A significant recent development in the projects and energy sector was the introduction of the new Land Acquisition Bill 2011 in early September. Jaitly said this imposes much higher compensation and other ongoing obligations on both the government as well as the ultimate transferees of compulsorily acquired land. “This development has a potentially significant impact for any business looking to use large tracks of land through a compulsory acquisition process,” he added.

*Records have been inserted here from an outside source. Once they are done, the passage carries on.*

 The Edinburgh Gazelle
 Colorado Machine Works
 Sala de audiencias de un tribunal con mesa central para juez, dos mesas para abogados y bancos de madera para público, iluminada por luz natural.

Looking ahead, Jaitly said the infrastructure sector in India faces some significant challenges, which, if not mitigated, could lead to a slowdown or at best sub-optimal growth. “These include a business friendly resolution issues arising out of the Land Acquisition Bill issue,” he said, “and introducing a greater degree of flexibility into the basis and time taken for the grant of various approvals and permits, particularly as relates to the environment.” With respect to the thermal power sector, a particular issue of concern, said Jaitly, “is the uncertainty of coal supply, both because of lack of availability and, in many cases, the lack of  a firm and bankable coal linkage from the government-owned Coal India. This problem has been exacerbated by recent measures introduced in Indonesia requiring Indonesian coal to be sold overseas at internationally bench-marked prices. These uncertainties will make both debt and equity finance for Indian power projects challenging.”